B. The Offenses at Issue

¶ 23 As relevant here, a person commits identity theft if the person "[k]nowingly uses the personal identifying information, financial identifying information, or financial device of another without permission or lawful authority with the intent to obtain cash, credit, property, services, or any other thing of value or to make a financial payment." § 18-5-902(1)(a), C.R.S. 2023. As charged in this case, identity theft is a class 4 felony. § 18-5-902(2).

¶ 24 "A person commits criminal possession of a financial device if the person has in his or her possession or under his or her control any financial device that the person knows, or reasonably should know, to be lost, stolen, or delivered under mistake as to the identity or address of the account holder." § 18-5-903(1), C.R.S. 2023. As charged here, this offense is a class 2 misdemeanor. § 18-5-903(2)(a).

¶ 25 A "financial device" includes a credit card. § 18-5-901(6)(a), C.R.S. 2023.

C. Section 18-1-408(5)(a)

[10] ¶ 26 Poot-Baca argues that criminal possession of a financial device is a lesser included offense of identity theft under sec- tion 18-1-408(5)(a) (subsection 408(5)(a)). Pursuant to that provision, one offense is included in another charged offense when "[i]t is established by proof of the same or less than all the facts required to establish the commission of the offense charged." § 18-1-408(5)(a); see also Reyna-Abarca v. People, 2017 CO 15, ¶ 51, 390 P.3d 816. This test requires a court to "compare the elements of the statutes rather than the specific evidence used to sustain the charges in a particular case." People v. Welborne, 2018 COA 127, ¶ 8, 457 P.3d 71.
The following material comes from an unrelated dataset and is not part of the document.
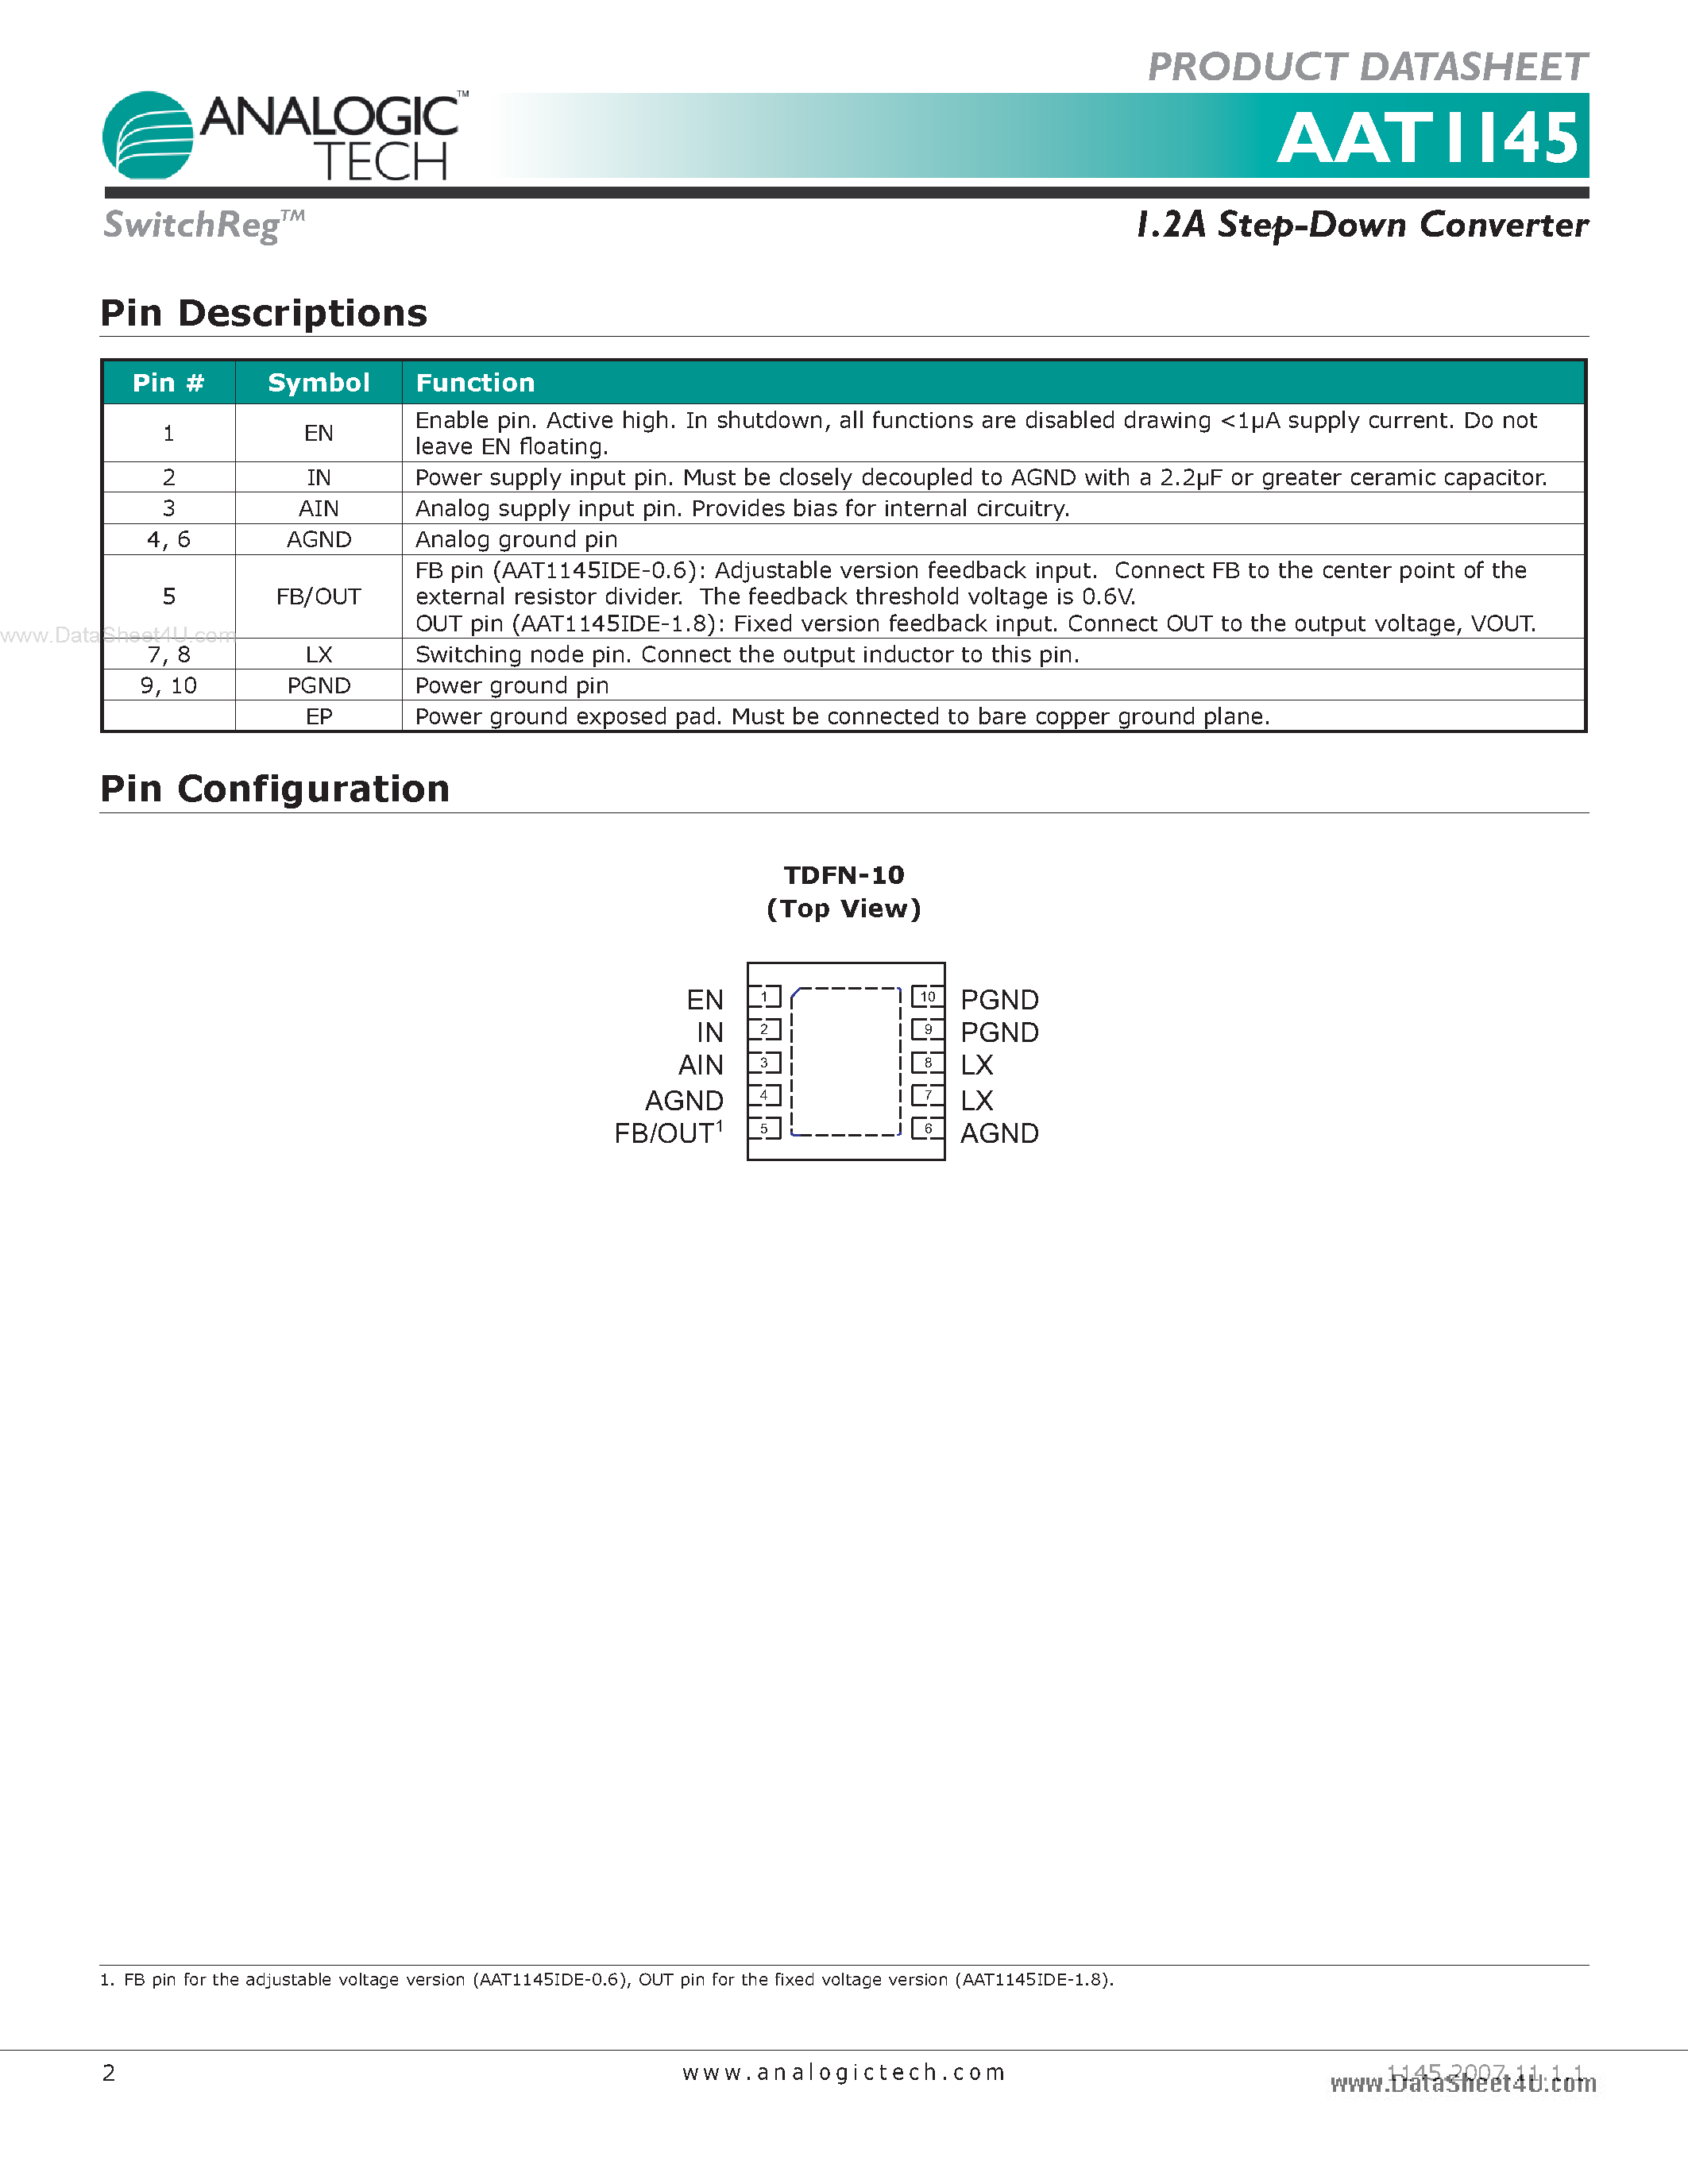 Datasheet AAT1145 - 1.2A Step-Down Converter page 2

[11] ¶ 27 Under our supreme court’s interpretation of subsection 408(5)(a), "an offense is a lesser included offense of another offense if the elements of the lesser offense are a subset of the elements of the greater offense, such that the lesser offense contains only elements that are also included in the elements of the greater offense." Reyna-Abarca, ¶ 64. Our supreme court has since refined this "subset" test to clarify that there are two ways for an offense to be included in another for purposes of subsection 408(5)(a). See People v. Rock, 2017 CO 84, ¶ 16, 402 P.3d 472; Page v. People, 2017 CO 88, ¶¶ 10-11, 402 P.3d 468; see also Kern, ¶ 28; Welborne, ¶¶ 11-12.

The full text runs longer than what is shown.